As imagens na TV eram pertubadoras, cada cena retratando o caos nas ruas e nos hospitais. Pessoas correndo, pulando sobre os carros e hospitais clamando por ajuda. Era uma visão impura e repulsiva, que revirava o estômago de Murat e provocava uma sensação avassaladora de repulsa e revolta.

Ela acrescentou que ainda não há uma vacina para a doença ou qualquer forma de prevenção. Murat estava enjoado com essas últimas notícias no jornal. Precisava de alguns minutos para digerir e se preparar para ir a outro lugar com Sule.

Murat desligou a TV, perplexo com as notícias sobre o vírus. Olhou para Sule, percebendo que ela estava parada de costas para ele, inquieta. Ele permaneceu fora de vista chamando-a baixo.

"Sule?"

Ele pronunciou seu nome num tom duvidoso e trêmulo. Sua garganta estava se fechando. A sensação de sufocamento começava a deixá-lo inquieto.

Ela se aproxima, delicamente colocando as mãos nas bochechas de Murat, um sorriso triste brincando em seus lábios. Uma única lágrima cai de seus olhos e rolam lentamente na sua bochecha. Os olhos de Murat caem nas mãos postas nele, seus ombros caem decepcionado consigo mesmo.
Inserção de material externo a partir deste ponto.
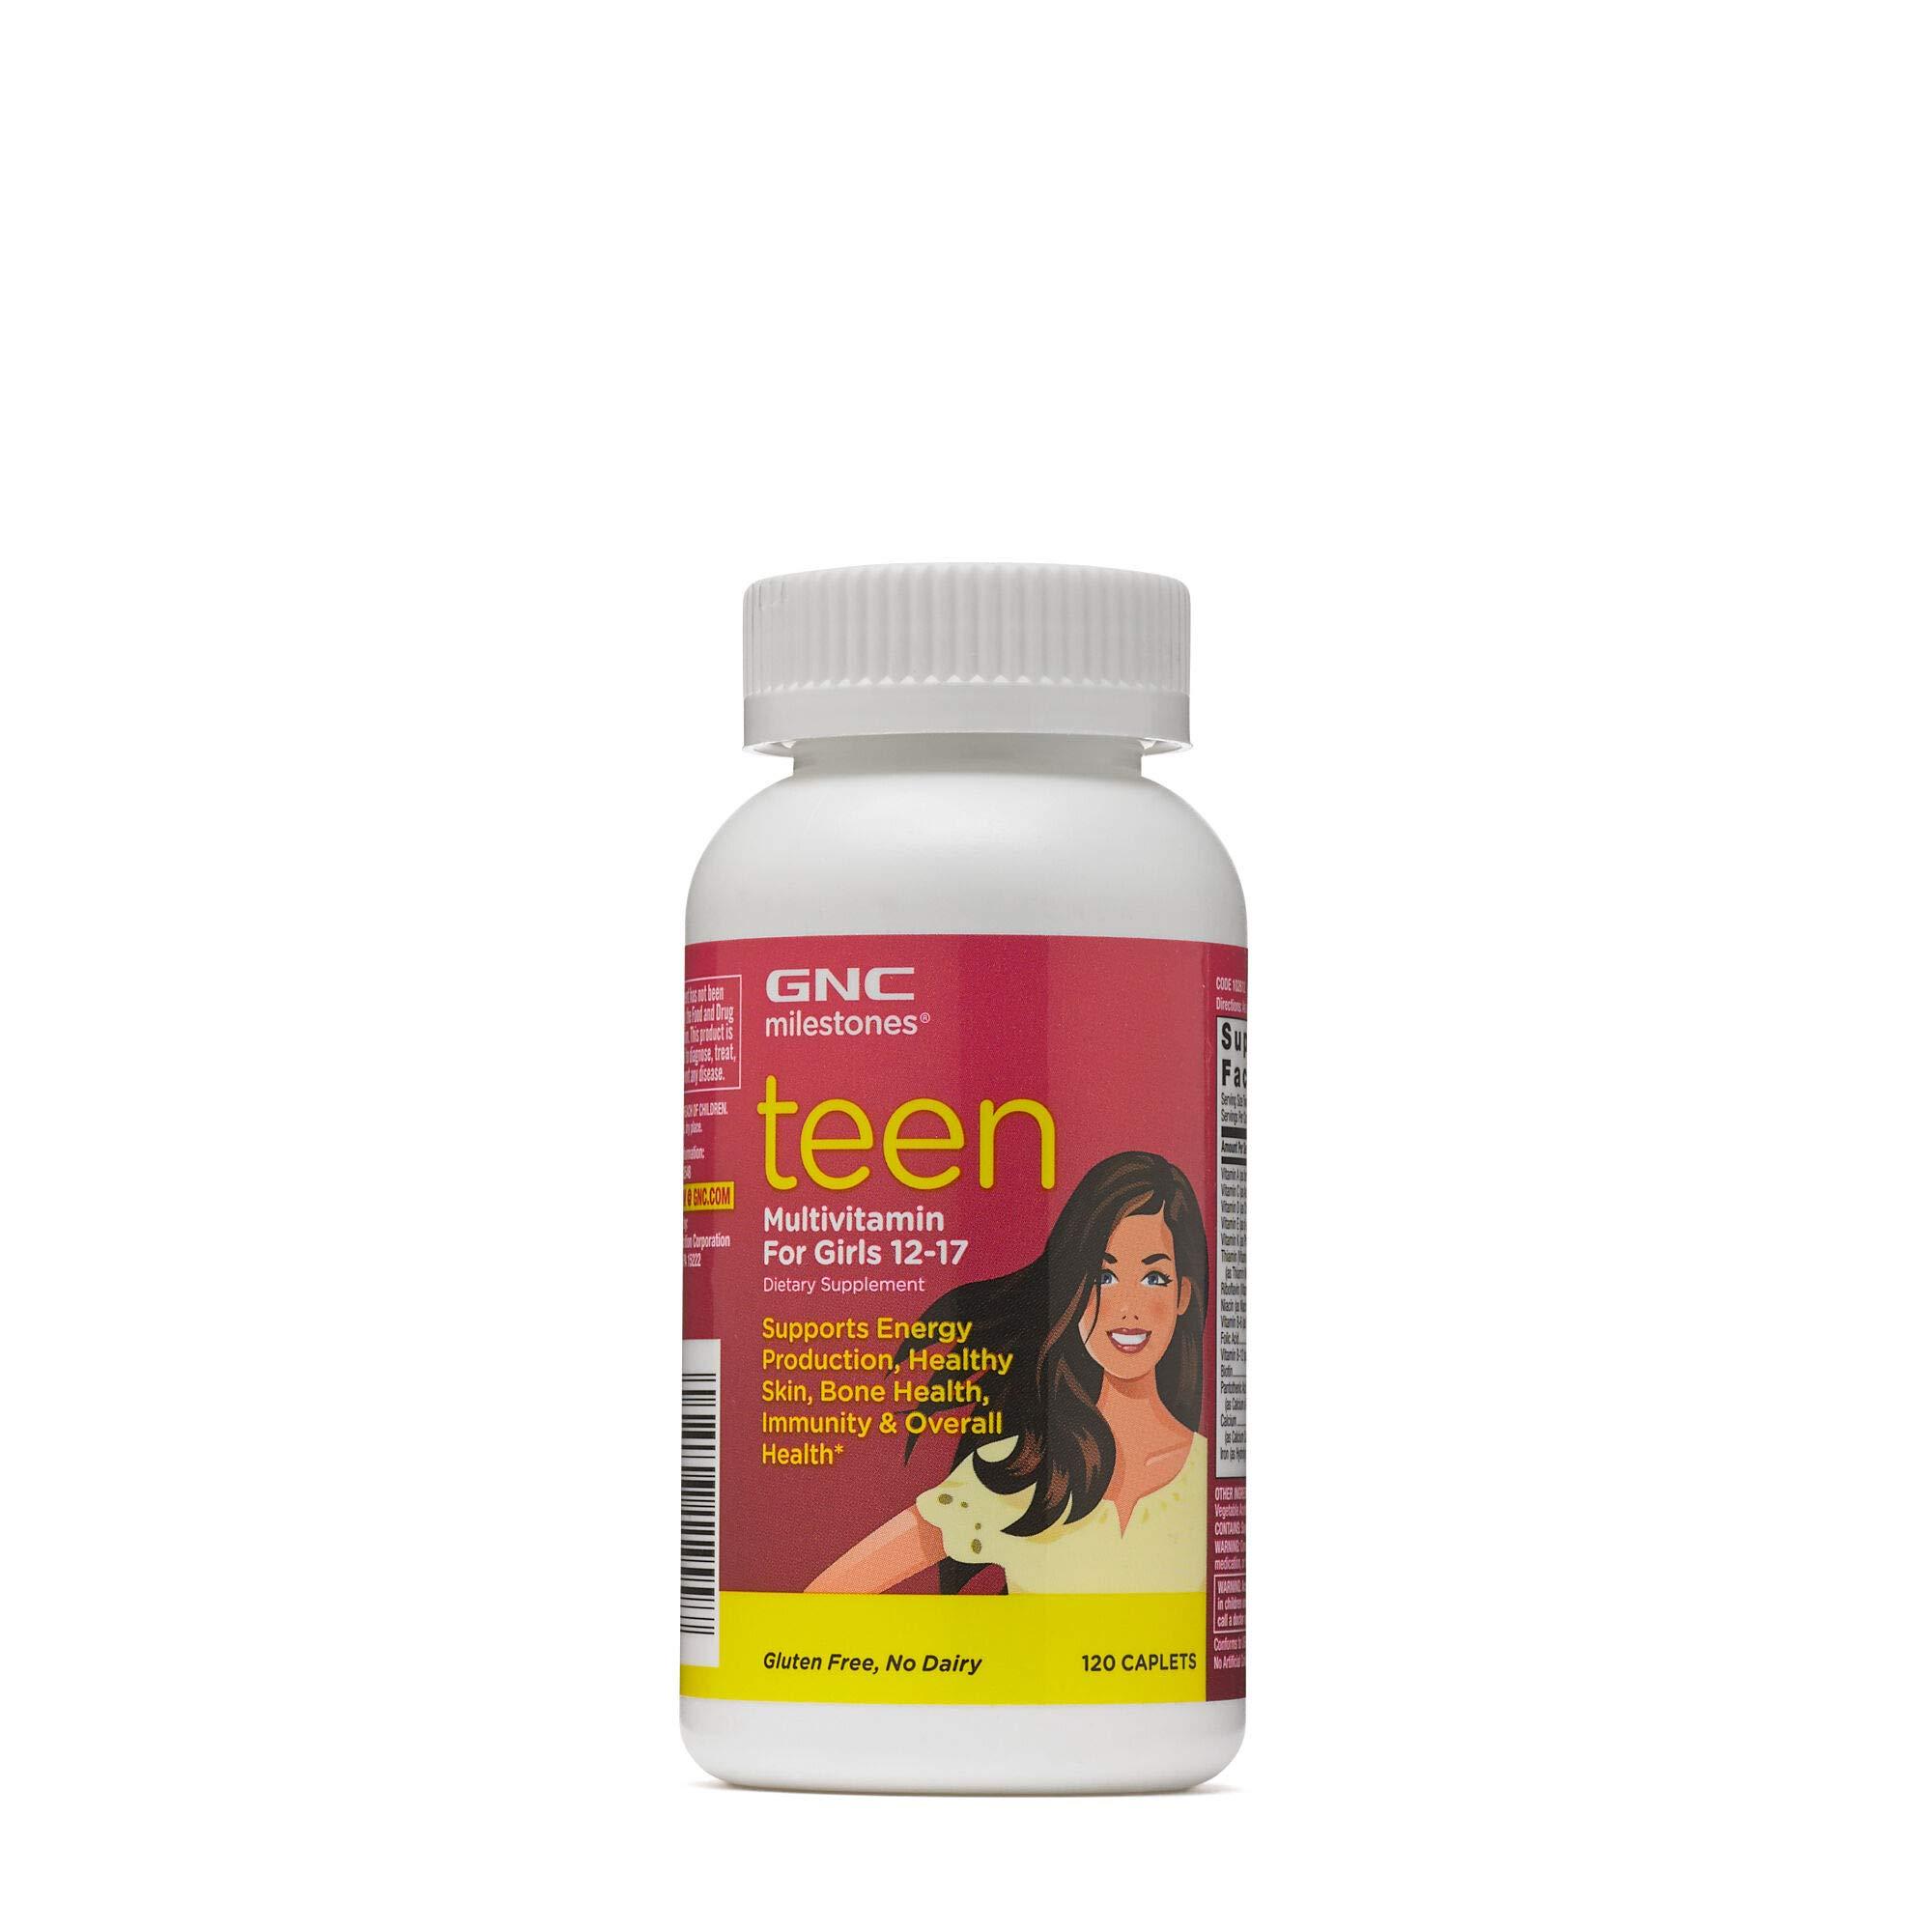 GNC milestones Teen Multivitamin Product

"Eu só pensei em mim nessas últimas semanas"

Ele soltou um pesado suspiro, como se carregasse o peso do arrependimento, verbalizando e demonstrando isso claramente com sua postura. Enquanto isso, ela manteve suas mãos nas bochechas dele, o sorriso desaparecendo gradualmente, substituído por uma expressão de compreensão e empatia.

"Por que é tão egoísta? Você pensa em si!"

Ela sussurrou suavemente, suas palavras fluindo suavemente até meus ouvidos, embora, ao mesmo tempo, me causassem uma sensação desagradável de desolação interna. O contraste entre a gentileza de sua voz e o impacto emocional que suas palavras tinham em mim era avassalador.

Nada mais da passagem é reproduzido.